The Twentieth-Century German Novel (Level 6)
Overview
- Credit value: 15 credits at Level 6
- Coordinators: Nicolette David and Anna Richards
- Assessment: a 3500-word essay
Module description
The module will focus on developments in the German novel in the twentieth century, demonstrating how the novels studied represent both literary tradition and literary innovation. We will begin with an introduction to the German novel, identifying different literary movements and trends in the twentieth century and the political, social and historical contexts of the novels in question. In this first session we will also analyse ways of studying the novel/narrative as a genre. The first text to be studied is Thomas Mann’s realist masterpiece Buddenbrooks, then we move on to Kafka’s modernist Das Schloss. The post-45 novels to be studied are Heinrich Böll’s Und sagte kein einziges Wort, Becker’s Jakob der Lügner and Özdamar’s Die Bruecke vom Goldenen Horn. Three main aspects of the post-war German novel will be explored: poverty and the 'Wirtschaftswunder', the Holocaust, and Turkish-German writing.

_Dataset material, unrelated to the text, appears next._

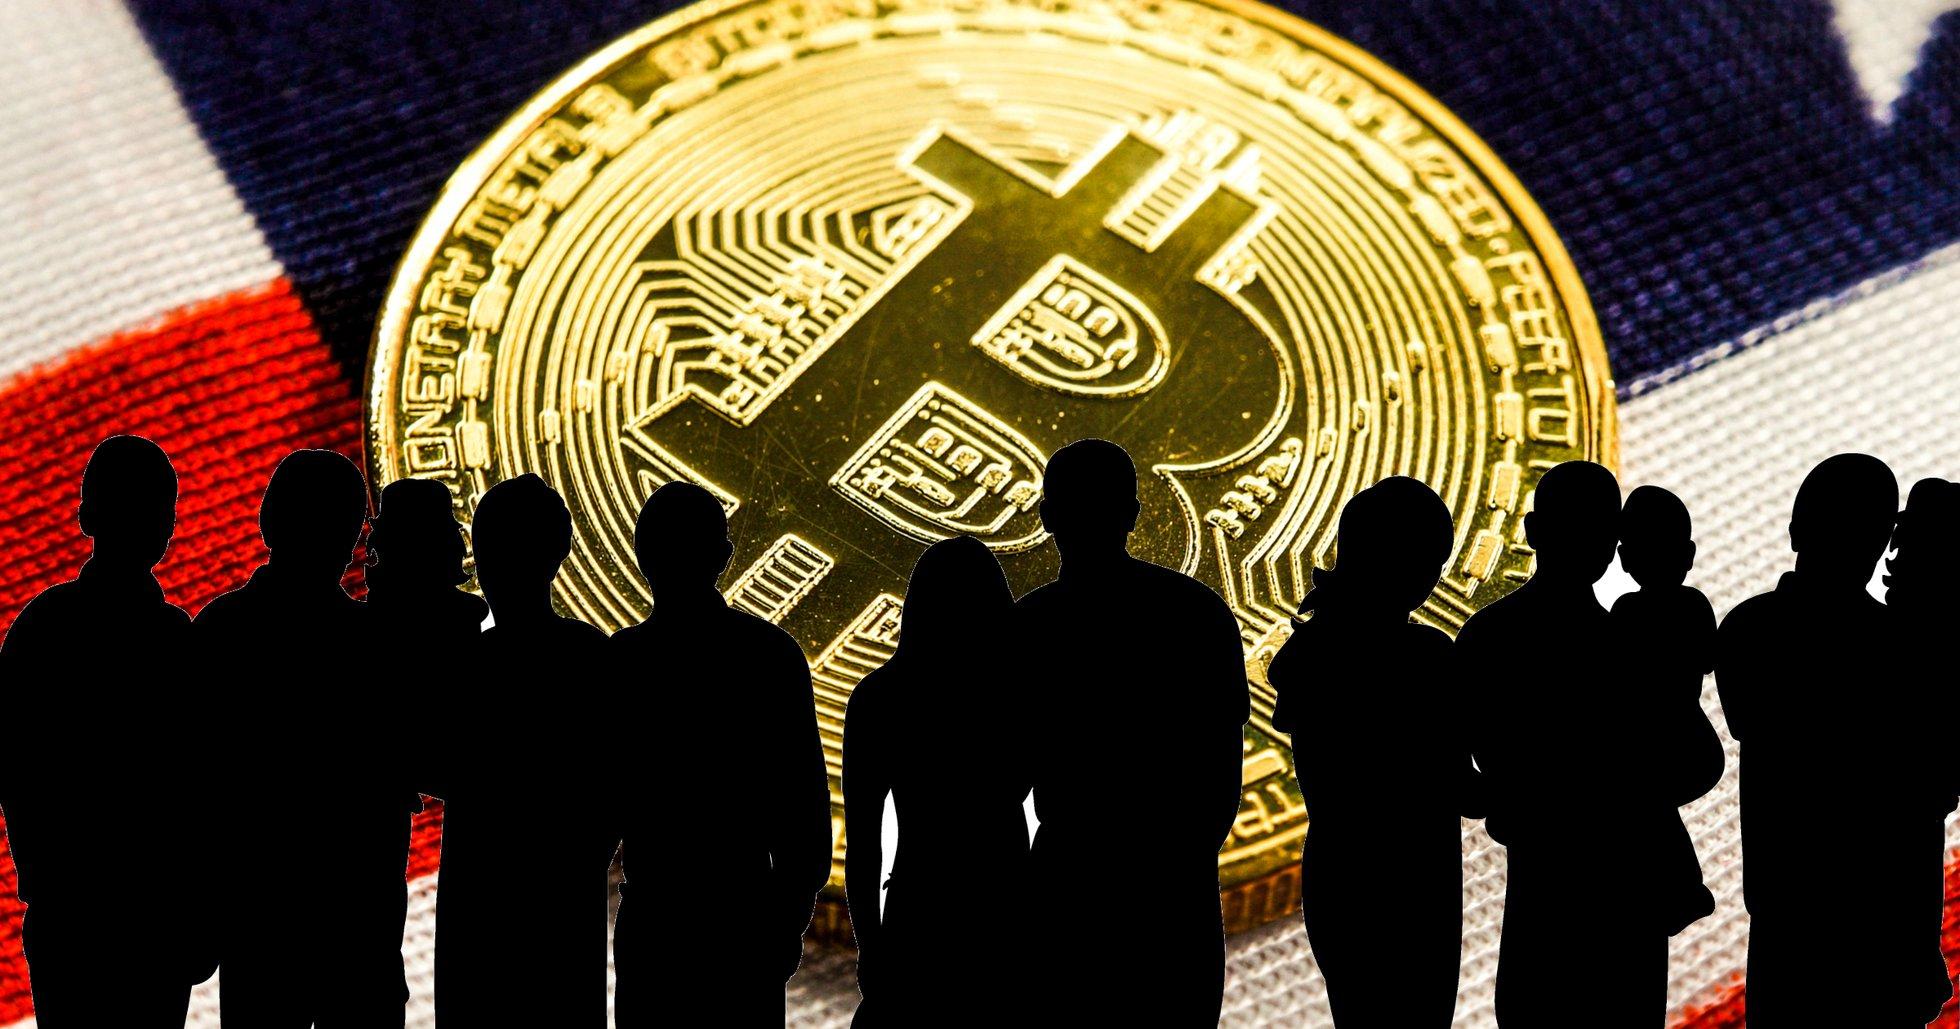 Ny undersökning visar: 83 procent av amerikanerna vill prova köpa bitcoin.

All texts studied will be available in German and in English translation.
Learning objectives
By the end of this module you will:
- have an understanding of developments in the twentieth-century German novel
- have gained relevant factual knowledge about the writers, novels and issues under discussion
- be able to evaluate twentieth-century German novels at a thematic and a stylistic level
- understand a range of theoretical and methodological approaches relevant to the study of the novel
- have worked within these theoretical frameworks in the interpretation of novels
- understand the historical and political context from which the novels studied arose and the way in which the novels themselves constitute a response to that context.